We also have a role to play in terms of small and medium enterprises (SMEs). On infrastructure side, we are talking with Guaranco and Infracredit so that they can provide the necessary guarantee.
Investment in infrastructure is one of the riskiest areas of investment. For anybody to be comfortable to invest in those areas, the areas needed to be de-risked so that the level of risk investors will put in is less. Part of ways and means of de-risking an area is by providing a guarantee.
We are discussing with Guaranco and Infracredit to come to the country and provide some of the guarantees that will create a lot of activities in infrastructure.
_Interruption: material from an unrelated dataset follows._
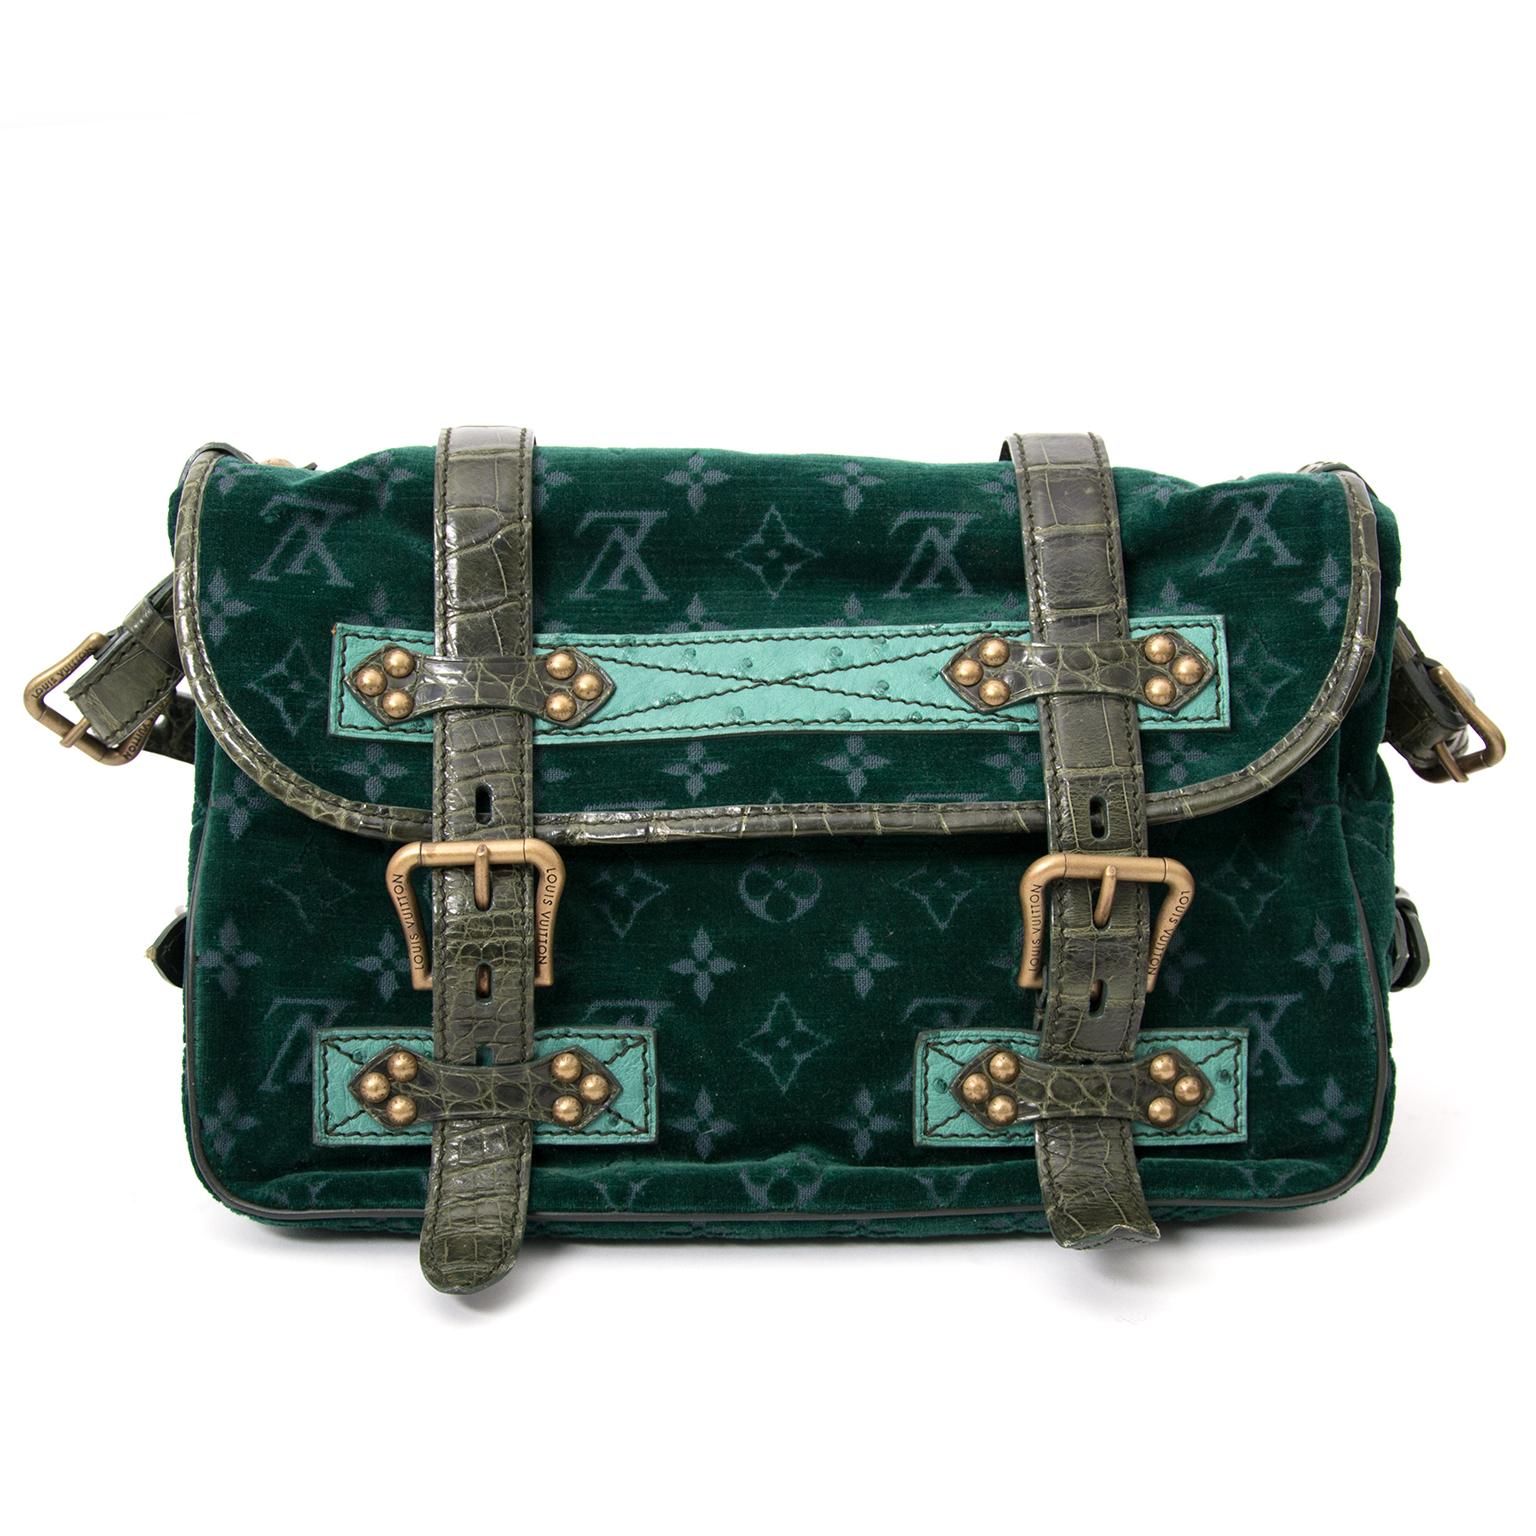 acheter enligne pour le meilleur prix Louis Vuitton Limited Edition Green Monogram Velour Clyde Mon Bag

We are talking with them to see ways and means they can extend such guarantee to SMEs because everywhere in the world, SMEs are the largest employers of labour. We need to extend the growth and development of our SMEs.
Most of them are not in the best of conditions. By the time the Guaranco and Infracredit are able to see the need to extend such credit to SMEs, it would help a lot. We are also discussing with private and equity funds and venture capital so that they can identify some of these SMEs that require funding.
They can enter those companies and provide them assistance they need so that those companies can be restructured and put in to operational level. We believe that the recovery programme of government will easily be achieved.
We are also looking at agriculture side, which is also in line with government policy. We believe that the best way to address agriculture is to have a thriving commodity exchange.
With a commodity exchange, a farmer will be able to get a better price for his goods and ensure price recovery. We are happy that the Nigerian Sovereign Investment Authority (NSIA) has agreed to invest in the Nigeria Commodity Exchange (NCX).
The intention is, once they invest and restructure the company, it will be easy for any investor to come in. We also encourage the establishment of AFEX, which is a private commodity exchange. We believe the role we’ve been playing in commodity exchange will certainly complement government’s effort in reviving the economy.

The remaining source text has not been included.